In a statement, Google told CNBC: “The video is a demonstration of what Gemini can do to interact, based on real multimodal prompts and test output. We can’t wait to see what people create when Gemini Pro opens on December 13 .”
Google’s Corrado and Gupta said Gemini is still in the early stages and needs to be tested and evaluated with customers in controlled healthcare settings before the model is rolled out more widely through MedLM.
“We’ve been testing Med-PaLM 2 with our customers for months and now feel comfortable using it as part of MedLM,” said Gupta. “The Gemini will follow suit.”
Schlosser said HCA is “very excited” about Gemini and the company is already working on plans to test the technology, “We think it can give us an extra layer of performance when we get it,” he said.
Another company using MedLM is BenchSci, which aims to use artificial intelligence to solve problems in drug discovery. Google is one investor on BenchSci, and the company has been testing its MedLM technology for a few months now.
Liran Belenzon, co-founder and CEO of BenchSci, said the company has merged MedLM’s artificial intelligence with BenchSci’s own technology to help scientists identify biomarkers, which are key to understanding how a disease progresses and how it can be cured.
Belenzon said the company spent a lot of time testing and validating the model, including providing feedback to Google about needed improvements. Now, Belenzon said BenchSci is in the process of bringing the technology to market more broadly.
“[MedLM] it doesn’t work out of the blue, but it helps accelerate your specific efforts,” he said in an interview with CNBC.
Corrado said research around MedLM is ongoing, and he believes Google Cloud healthcare customers will be able to coordinate models for many different use cases within an organization. He added that Google will continue to develop domain-specific models that are “smaller, cheaper, faster, better.”
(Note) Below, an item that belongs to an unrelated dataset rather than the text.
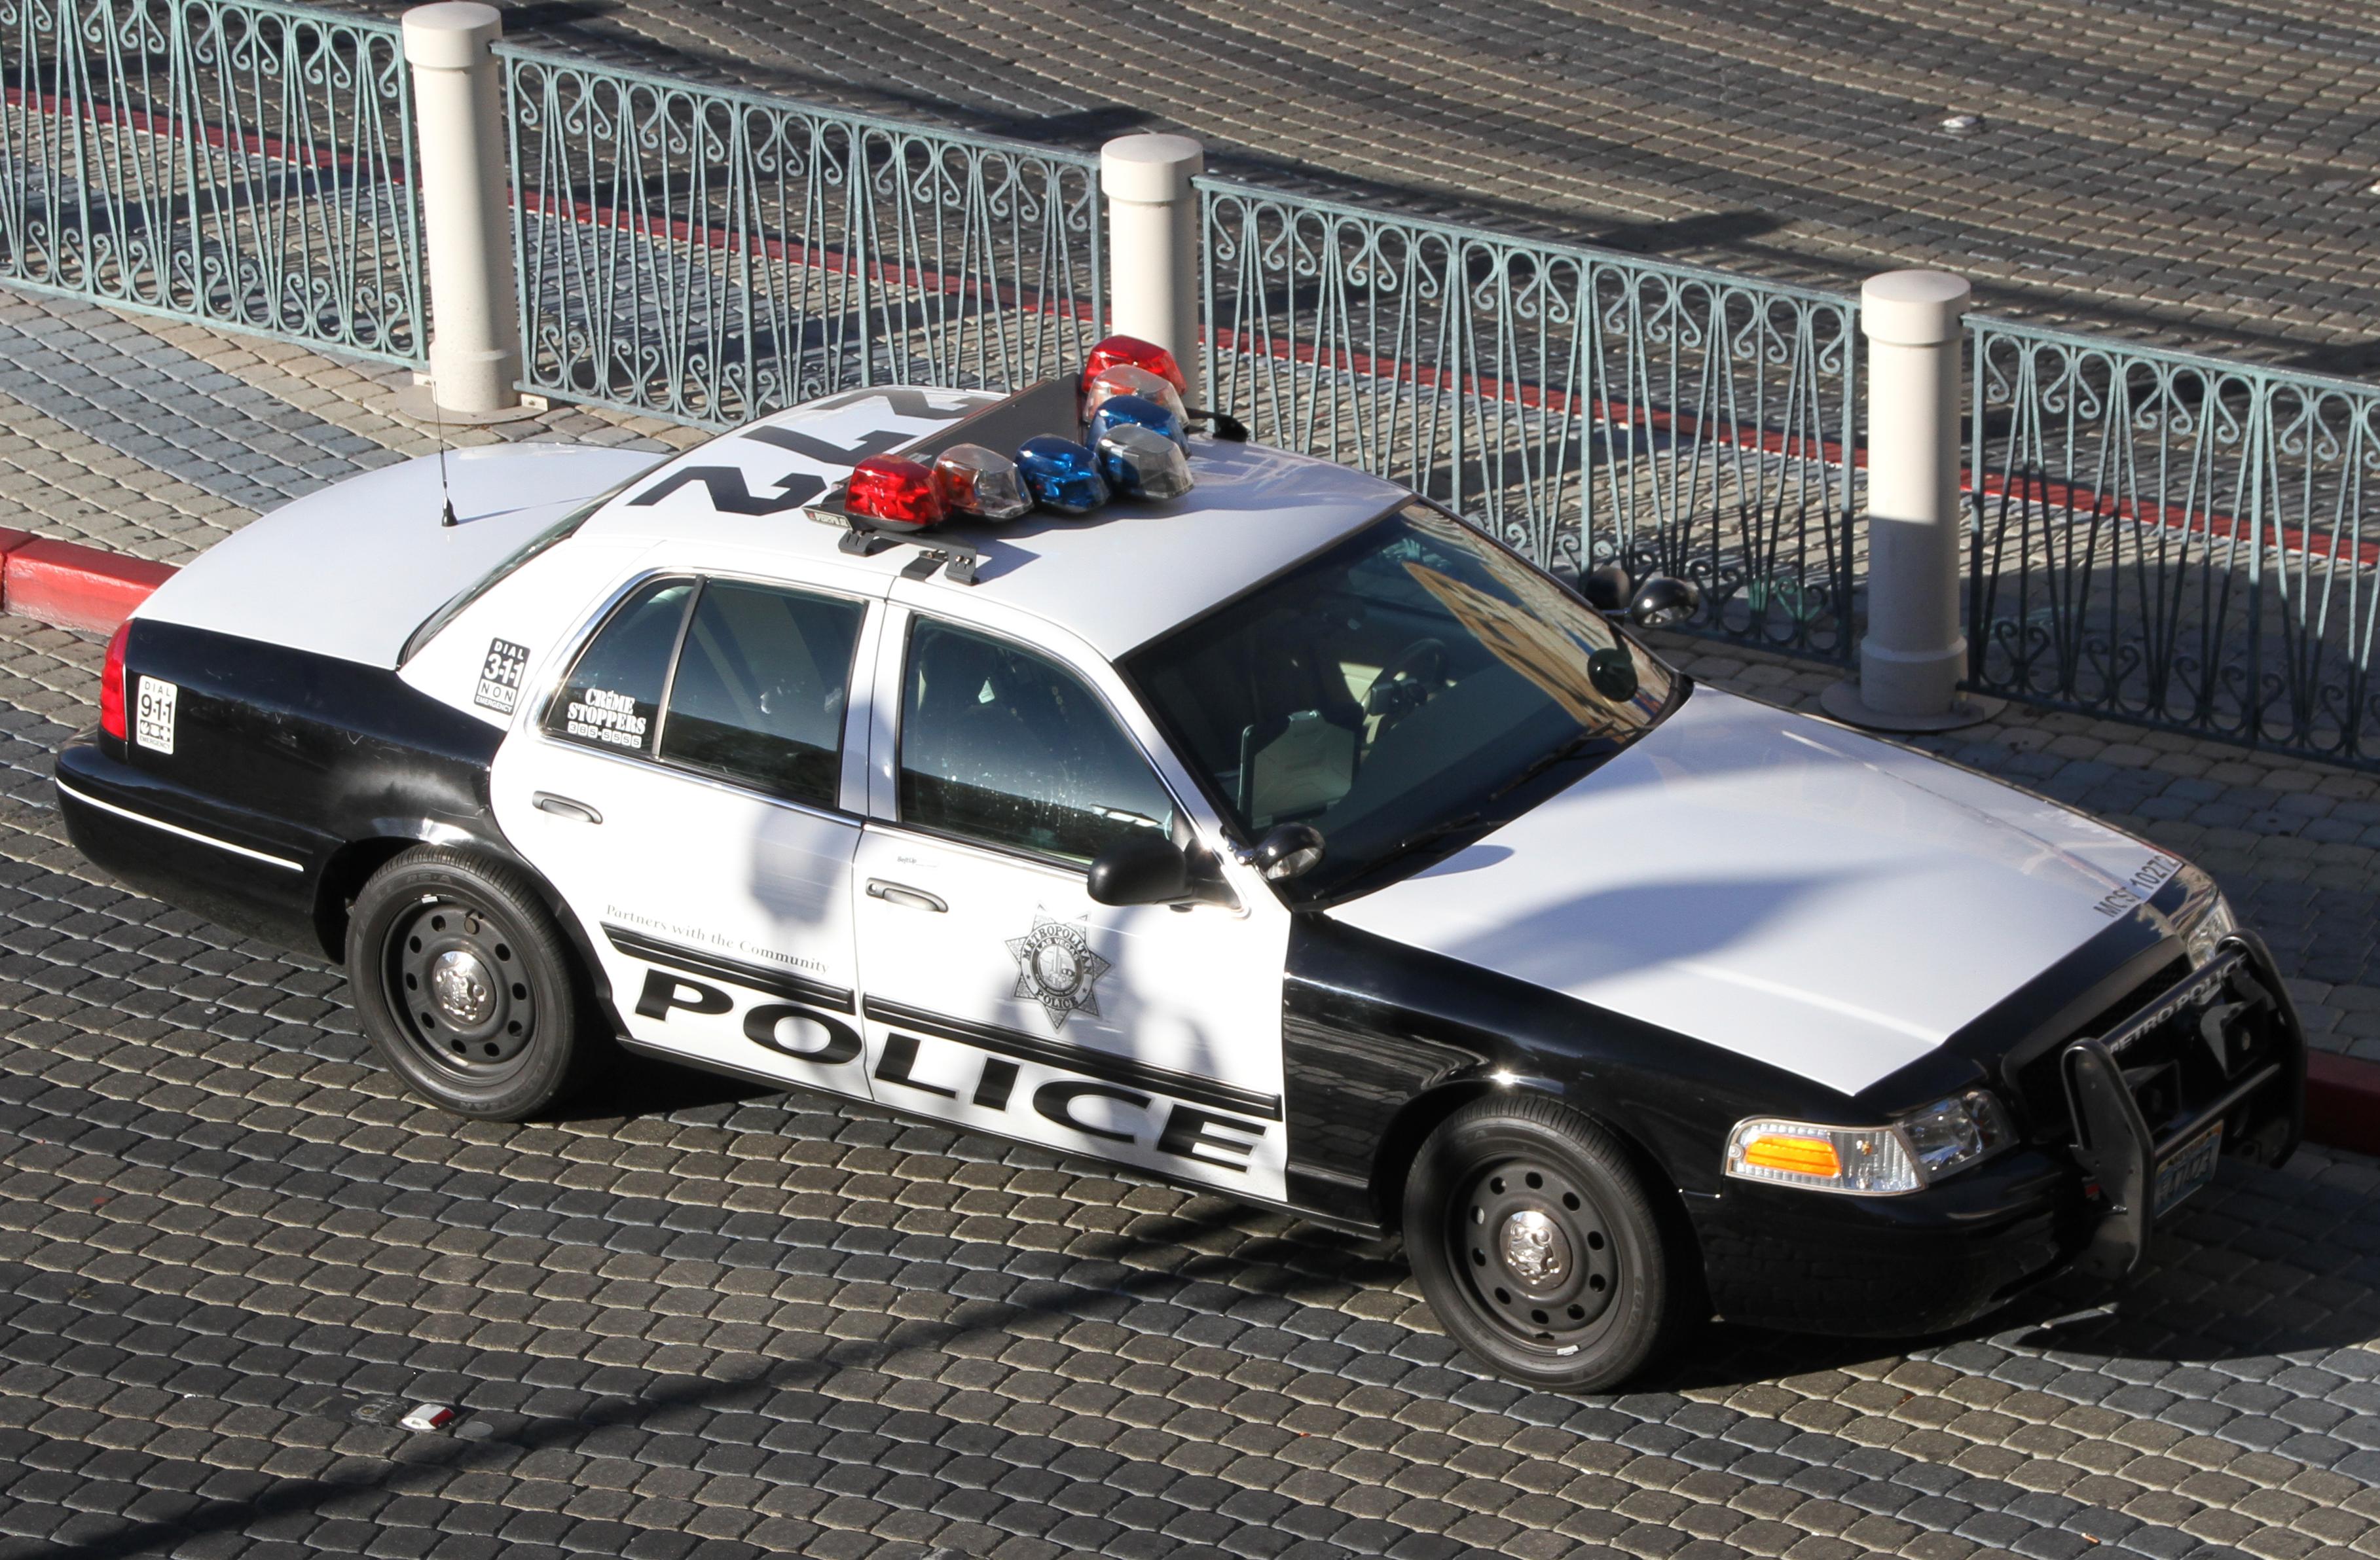 Cars Las Vegas Repair

Like BenchSci, Deloitte tested MedLM “over and over again” before rolling out the technology to healthcare clients, said Dr. Kulleni Gebreyes, Deloitte US Head of Life Sciences and Healthcare;
Deloitte uses Google technology to help health systems and health plans answer members’ questions about access to care. If a patient needs a colonoscopy, for example, they can use MedLM to search for providers based on gender, location or benefit coverage, as well as other criteria.
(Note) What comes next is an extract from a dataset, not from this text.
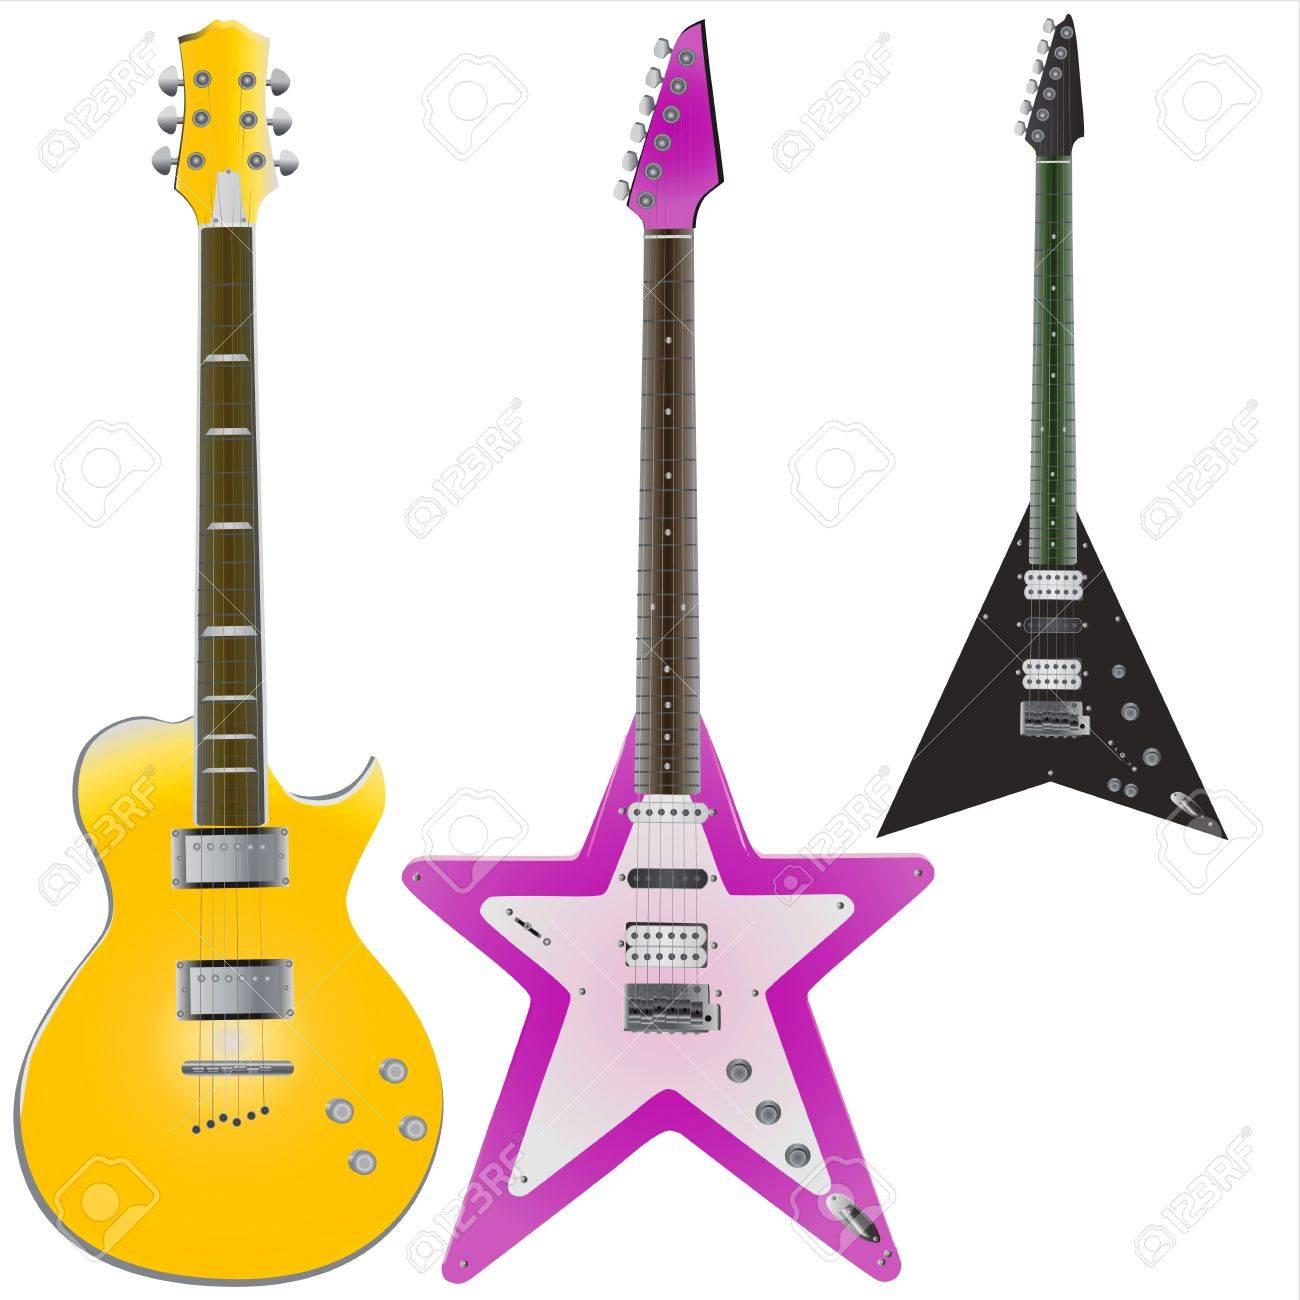 guitars vector Stock Vector - 9505750

Gebreyes said customers have found MedLM to be accurate and effective, but, like other models, AI isn’t always great at deciphering a user’s intent. It can be a challenge if patients don’t know the correct word or spelling for colonoscopy or use other colloquial terms, he said.
“Ultimately, this is not a substitute for a diagnosis by a trained professional,” Gebreyes told CNBC. “It brings expertise closer and makes it more accessible.”